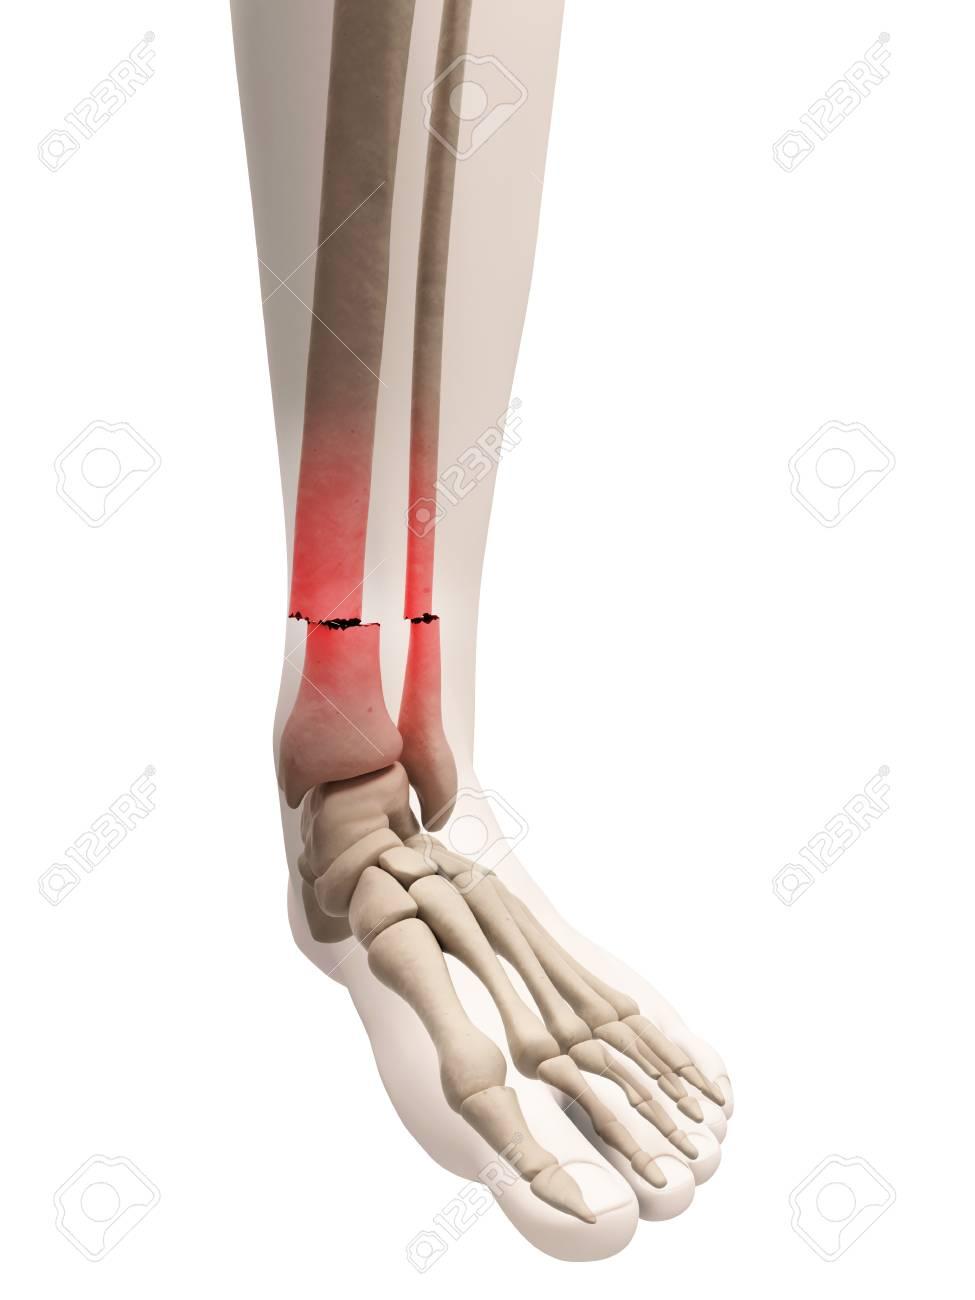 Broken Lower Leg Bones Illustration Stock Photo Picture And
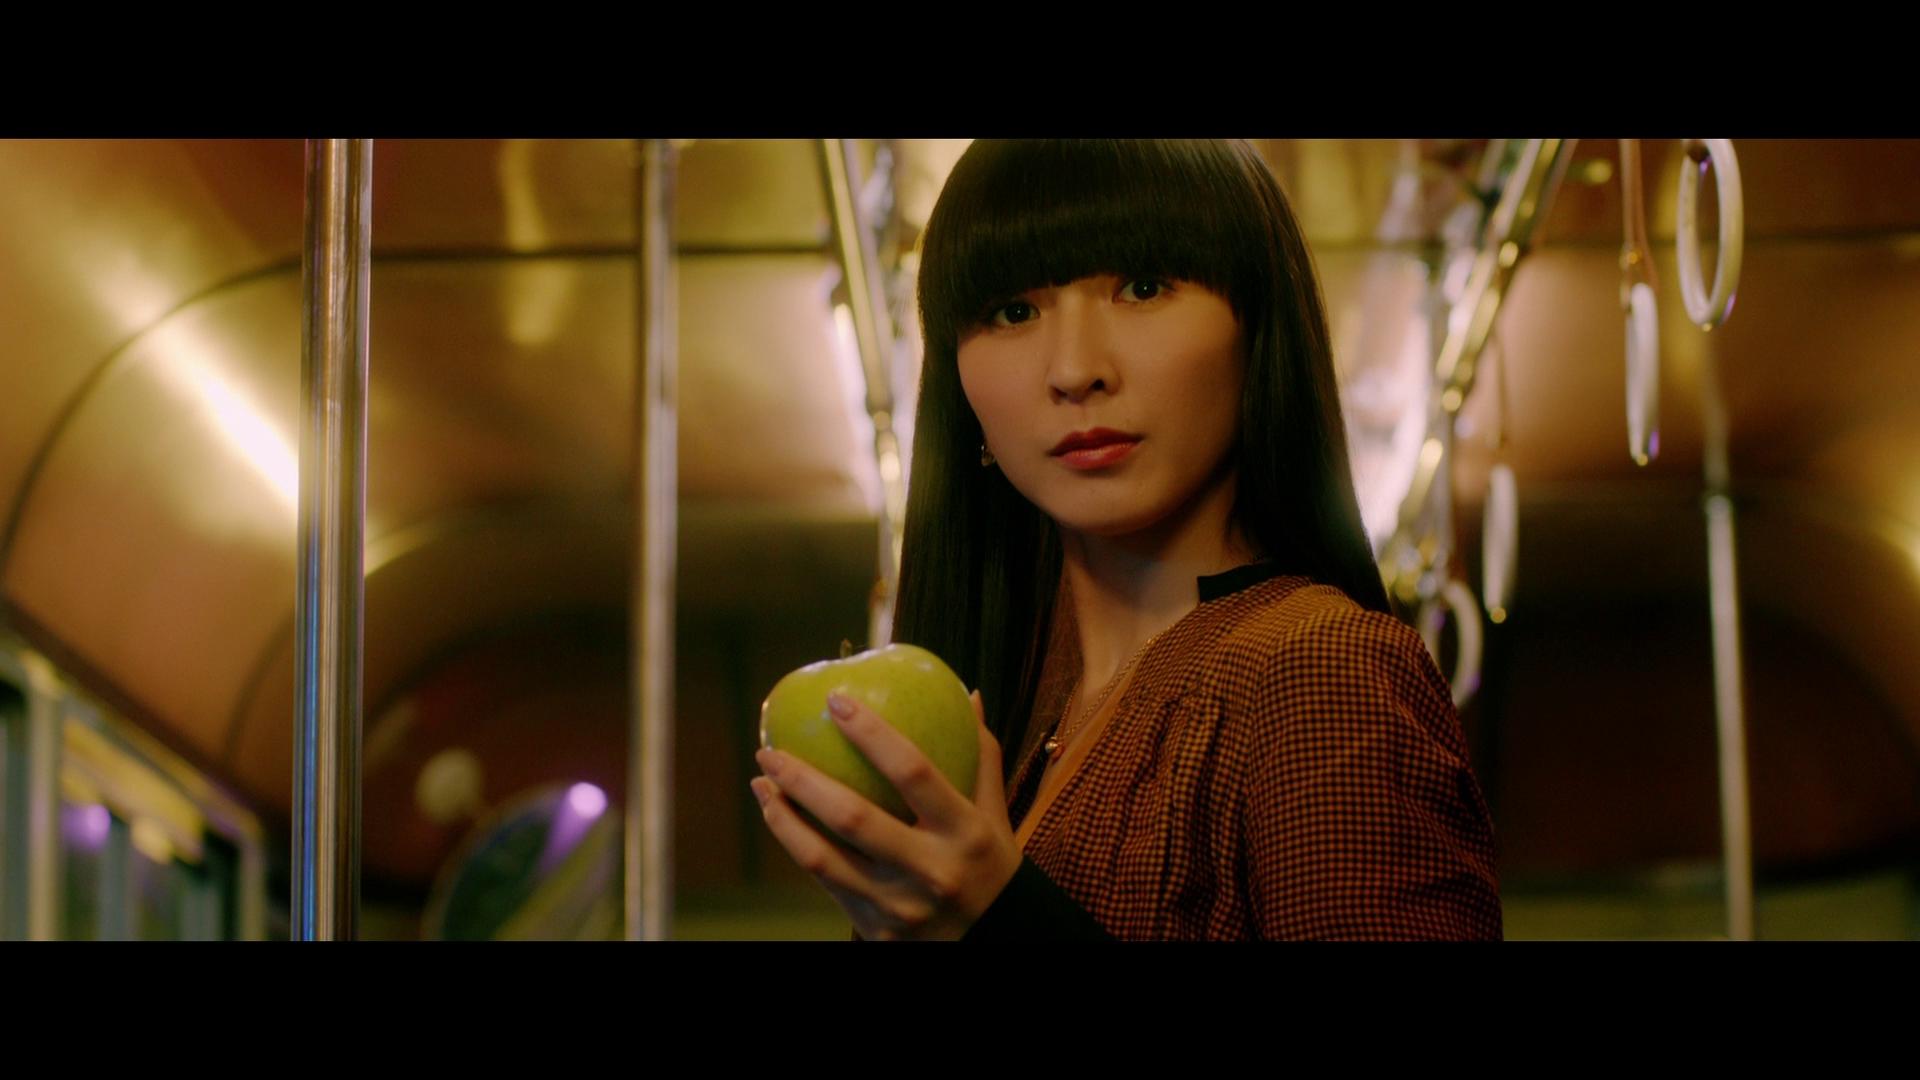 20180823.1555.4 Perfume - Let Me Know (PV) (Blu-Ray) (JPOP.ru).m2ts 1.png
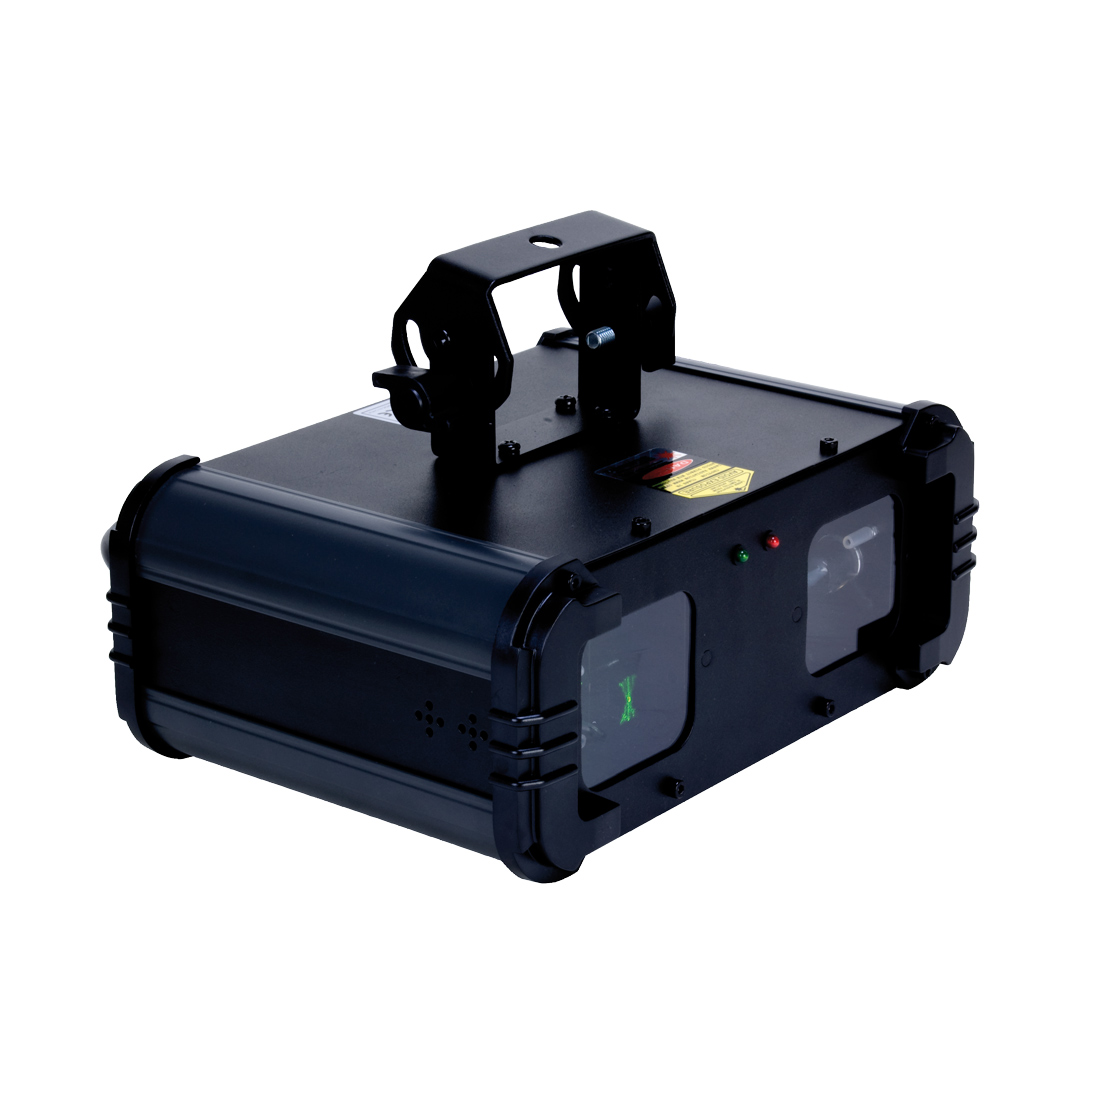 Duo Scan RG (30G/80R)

++++++++++++++++++++

Please reproduce verbatim the lines from the line with "20180823.1555.4 Perfume - Let" through the final line of the listing, inclusive of both ends. Omit all pictures.

 20180823.1555.4 Perfume - Let Me Know (PV) (Blu-Ray) (JPOP.ru).m2ts 1.png
 Duo Scan RG (30G/80R)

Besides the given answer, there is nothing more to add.